It's time to retire the iris dataset

Data Science meh, Eugenics bad

Almost everyone who has been interested in machine learning had to work with the iris dataset, and I have been thinking about it more than usual in the weeks leading up to a very cool data science thing I’m not supposed to talk about yet. It’s time we stop using iris entirely.

The iris dataset represents four measurements of floral morphology on 150 plants, 50 individuals for each of three genus (I. versicolor, I. setosa, and I. virginica). It was measured near Gaspé, in a strikingly beautiful part of Québec, at some point in the 1930s. With the exception of one or two points, the classes are linearly separable, and so classification algorithms reach almost perfect accuracy.

Let’s get this issue out of the way first: iris is boring, as the real world is ever so rarely linearly separable. It has too few variables to talk about feature engineering or variable selection, and everything is linearly correlated (because of allometric scaling), and so the amount of information brought in by extra variables is limited. There is nothing to learn from iris, at least not that has practical relevance, besides how to write code to apply a given model. I do not like it very much.

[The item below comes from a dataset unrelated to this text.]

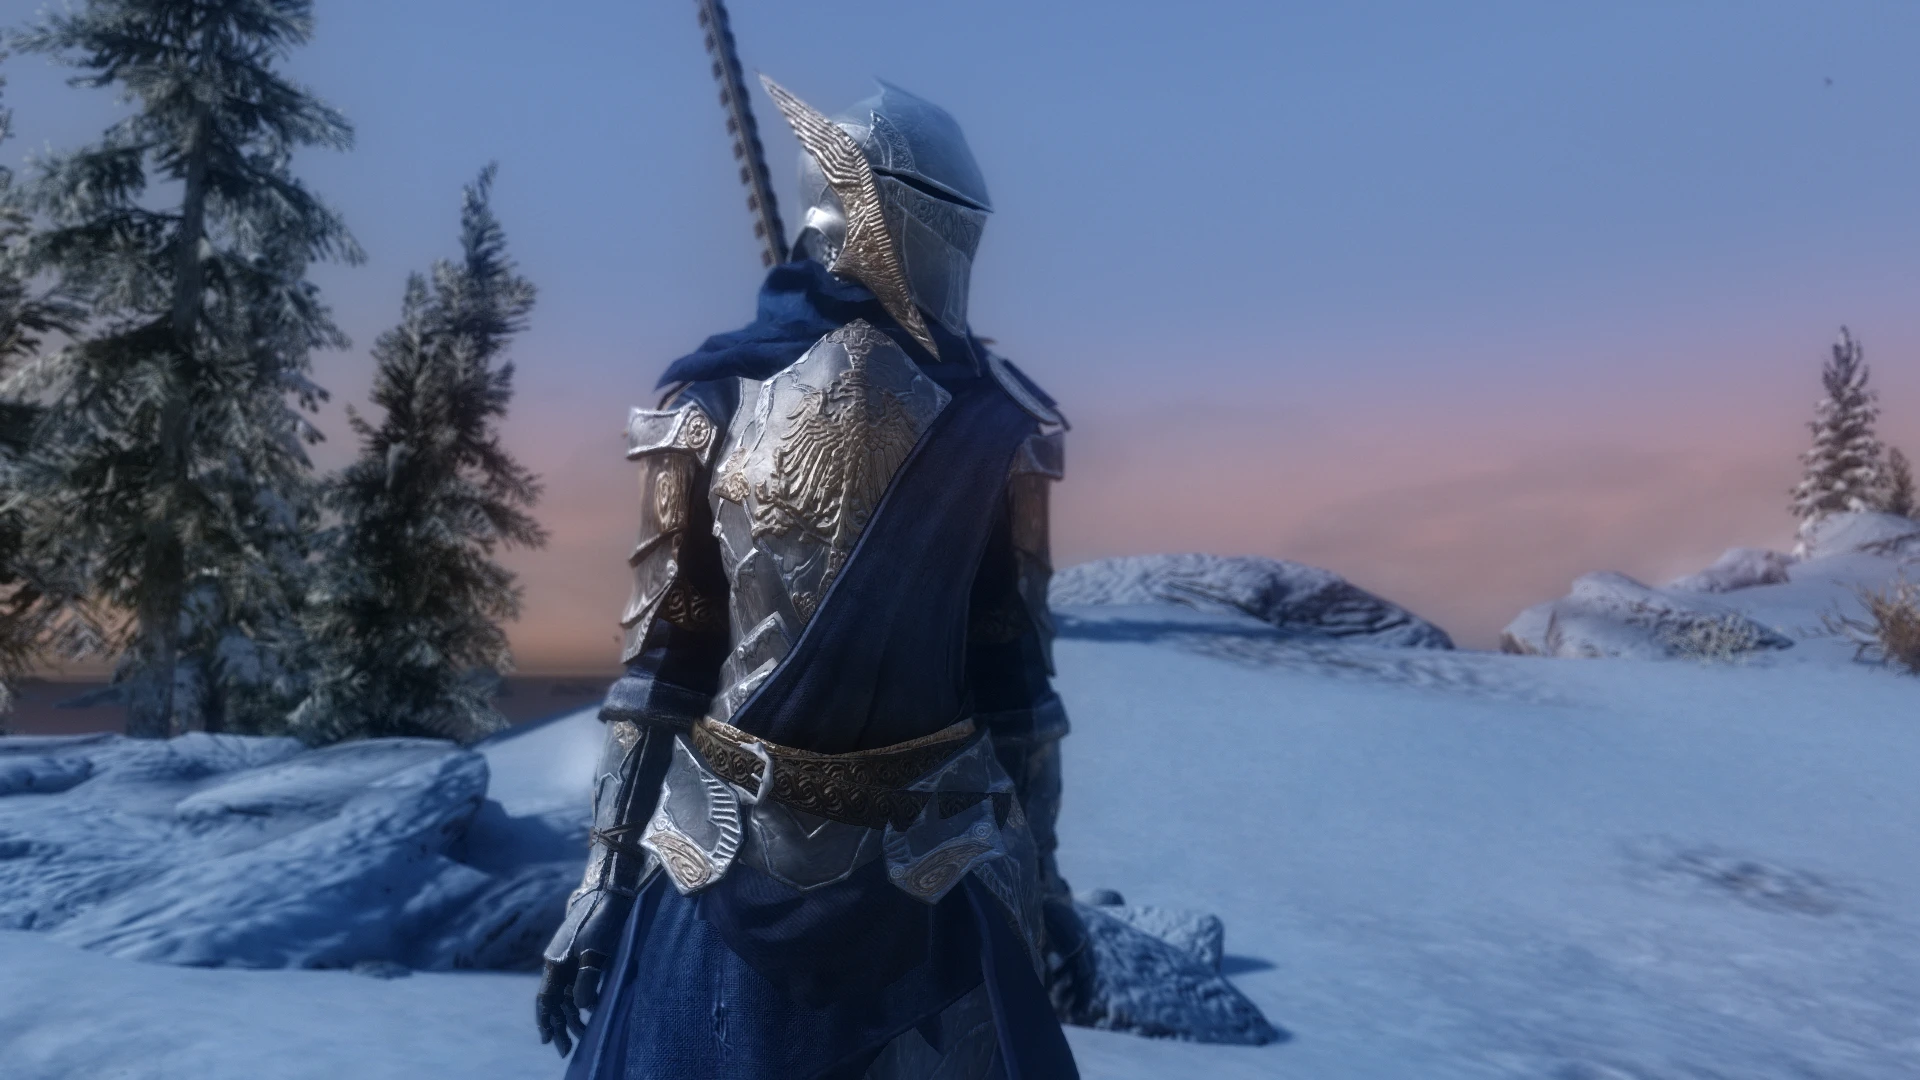 Resplendent Armor and Greatsword at Skyrim Nexus - Mods and Community

Edit: “collected”, in the next paragraph, is to be taken as “gathered for the purpose of analysis”, and not “sampled in the field”. The original dataset was sampled by Edgar Anderson, and there is no indication of any particular intent other than botany work behind the original sampling.

That is is almost offensively quaint is not my main gripe with this dataset. It would bore me to tears, but I could possibly spend an entire term teaching with it. But I will not; for you see, iris was collected and first published with the express intent to advance the science of eugenics, and parading it around in 2020 is an unacceptable endorsement of a repulsive (but still very much alive) way to subsume science under ideology. For this reason, iris should not be appearing in teaching material with such ubiquity, unless it is to remind students that white supremacy has always tried to use quantitative methods to push its agenda, and that quantitative sciences have a foundation in providing arguments to scientific racism and classism.

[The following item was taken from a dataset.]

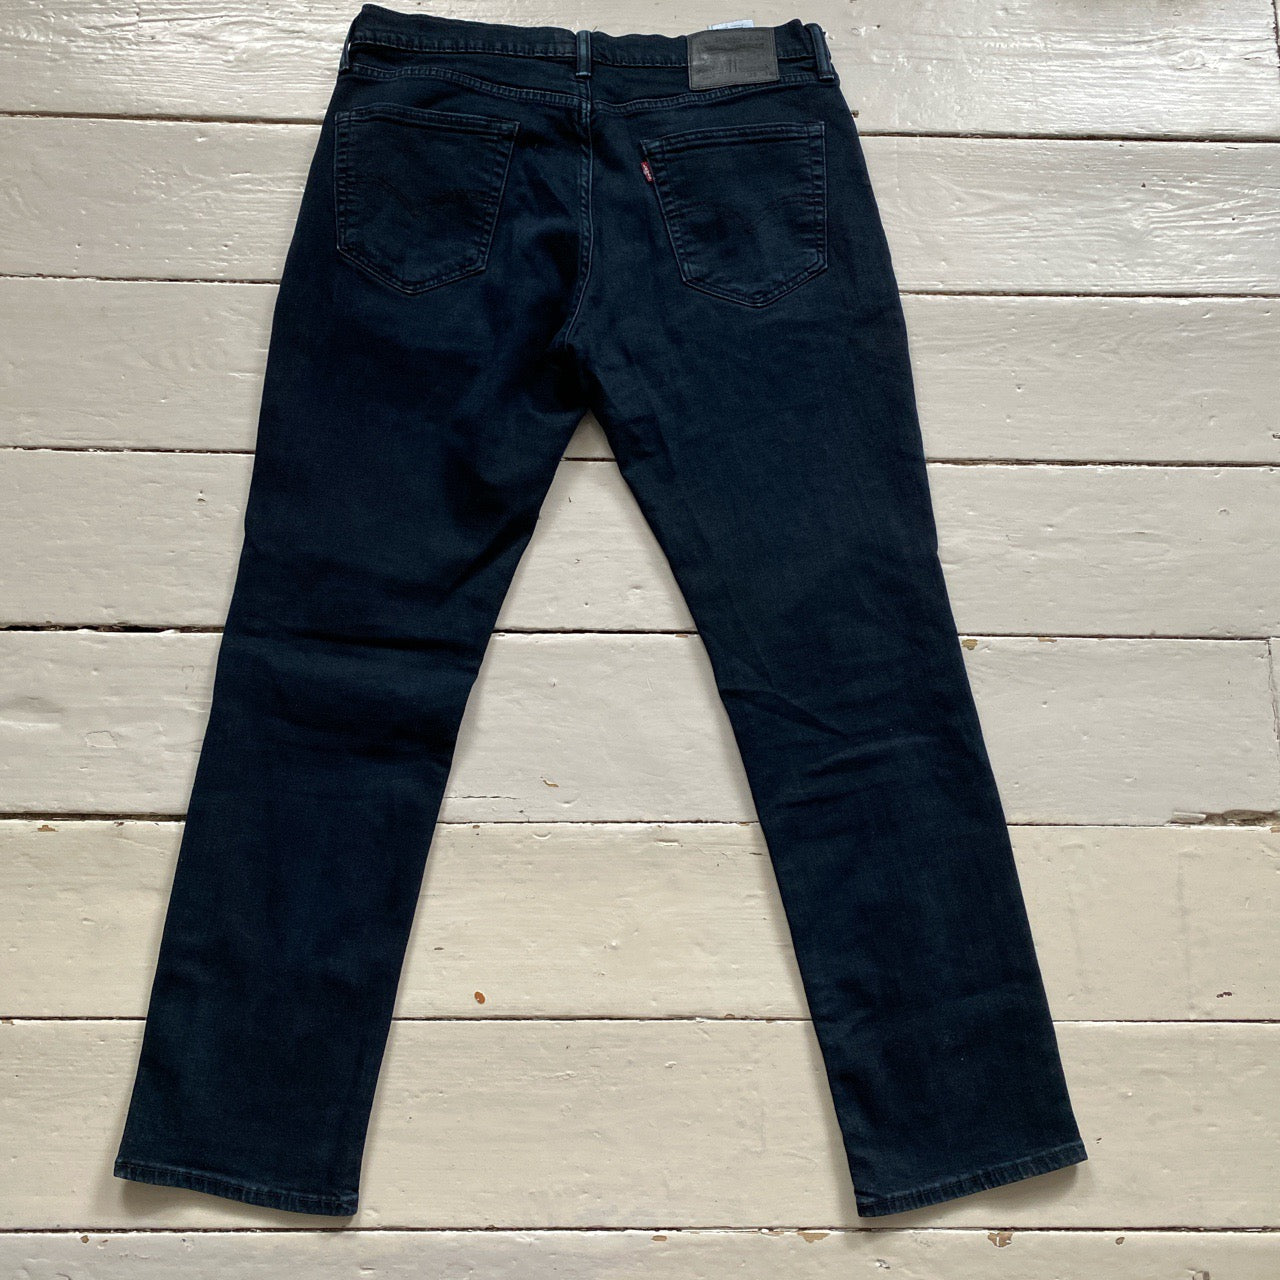 Levis 511 Slim Navy Jeans (36/30)

The original iris paper was published in the Annals of Eugenics, in 1936, by one Ronald Fisher. Fisher was a vocal proponent of eugenics, involved in learned societies on eugenics. One of the points of the paper (and of the journal, and of Fisher’s leading role in developing biometry and biostatistics) was to propose a methodological framework to delineate desirable traits, in support of eugenics programs. One does not publish in the Annals of Eugenics in 1936 on a misunderstanding.

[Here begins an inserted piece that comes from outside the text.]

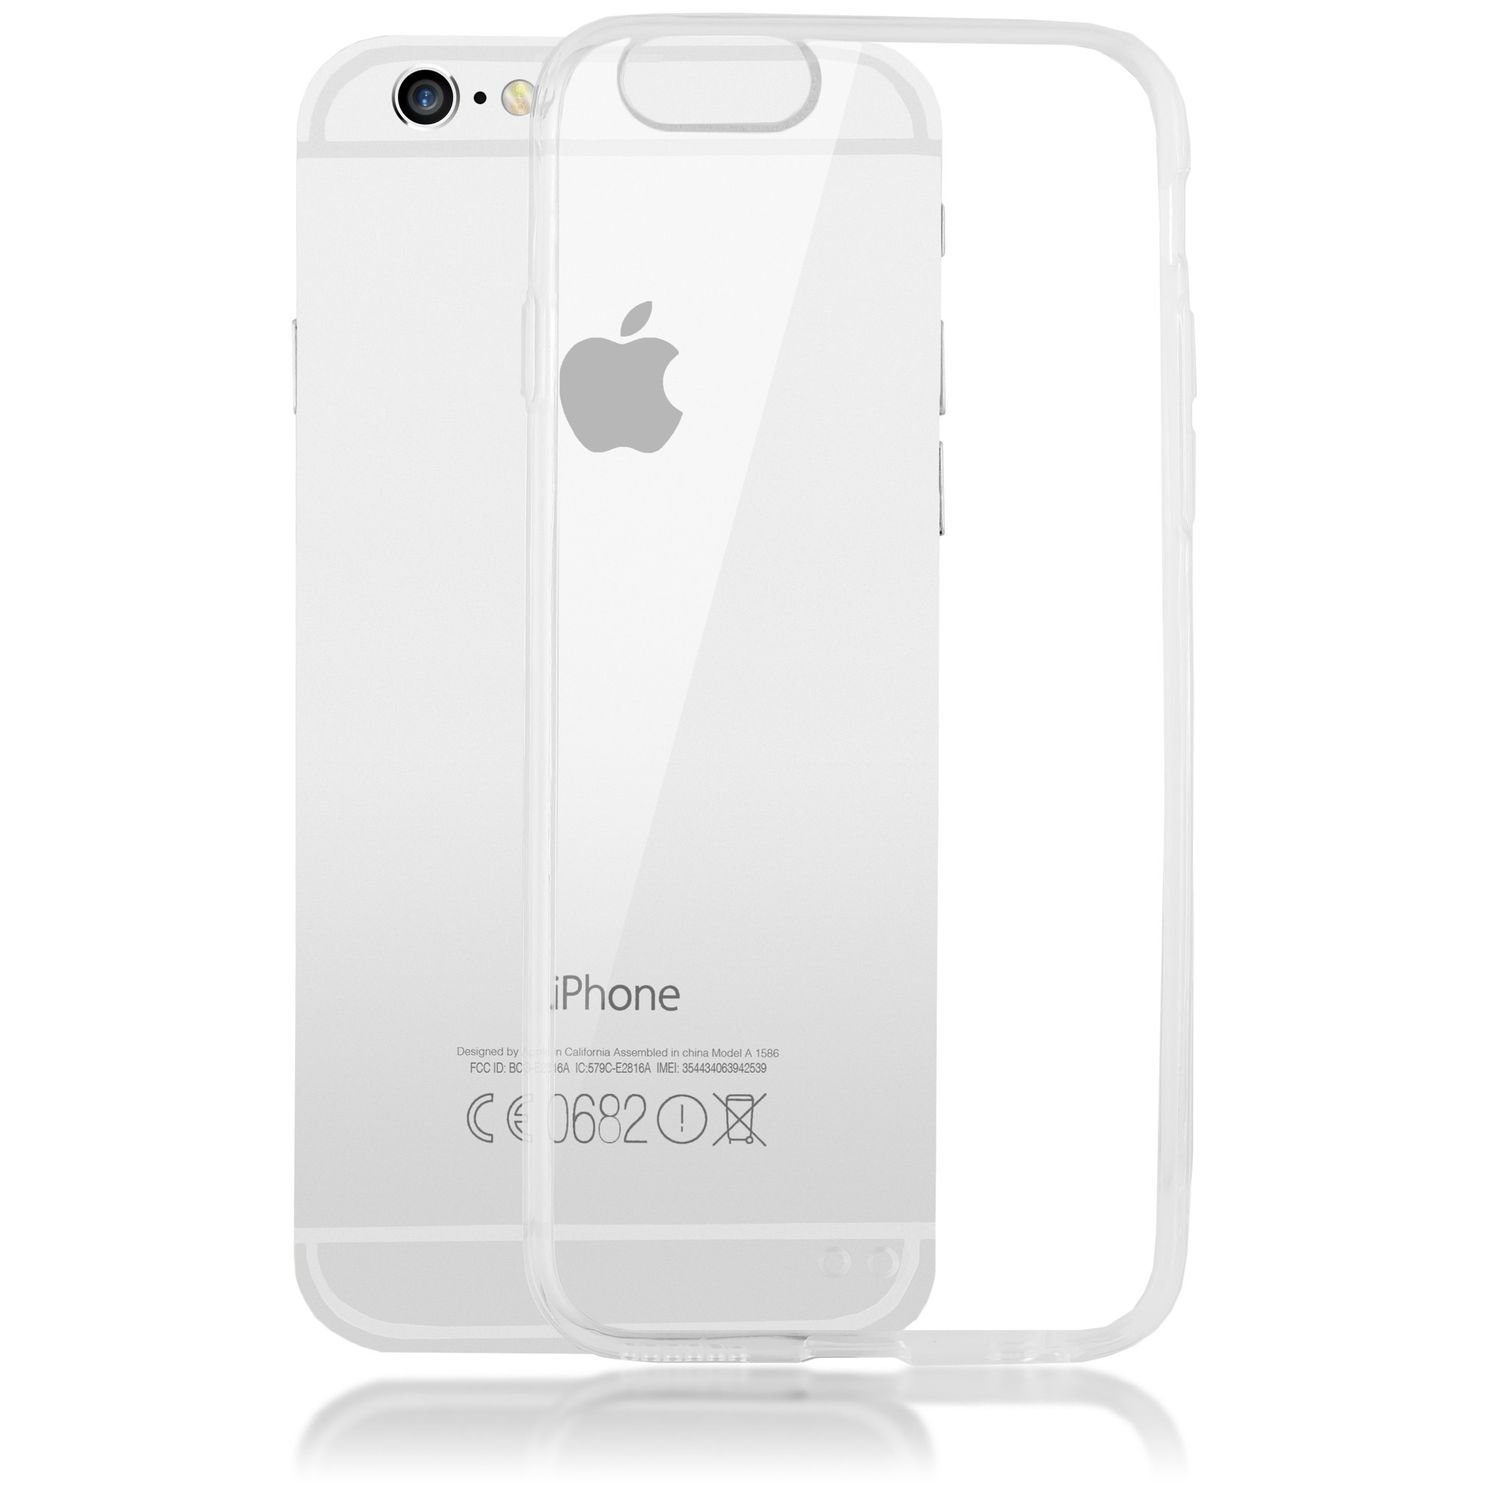 Nalia Smartphone-Hülle Apple iPhone 6 Apple iPhone 6s, Klar Transparent  Hülle / Harte Rückseite / Soft Silikon Rahmen / Durchsichtige Schutzhülle /  Kratzfest / Vergilbungsfrei / Stoßfest / Anti-Gelb / Phone Cover

By using this dataset in 2020, we are sending a very strong message. Maybe we do not care about the role of science in creating and re-inforcing inequalities and structures of oppression. Maybe we are at peace with the fact that a lot of early quantitative techniques in the biological sciences have been designed to support eugenics and grant it legitimacy, as phrenology did before. Maybe we are eager to pardon the racism of pioneers of the field if their contributions are important enough. Maybe we just don’t care about the social consequences of our science. In any case, just as much as one does not publish in Annals of Eugenics by accident, the decision to keep using this dataset is an endorsement, albeit an implicit one, of being able to draw a straight line from mainstream academic science to white supremacy. Every time we use iris as foundational in data science education, we are re-drawing this straight line, over and over again. Whether we intend to do so matters little, if at all.

We have alternatives to iris who do not share the same problem. The wheat seeds dataset, for example, is far more interesting, and does not have the same ideological red flags attached to it. Every time we decide to use iris in the classroom, we are putting our habits before our duty to consider the ethical implications of our work. We should do better, and immediately dropping iris is one easy way to start this work. This is not to say that we should sweep iris under the rug. It would be an equally grave mistake; we must discuss it, we must acknowledge the ideology that produced it, and we must decide if this is the ideology we want to bring into data science education.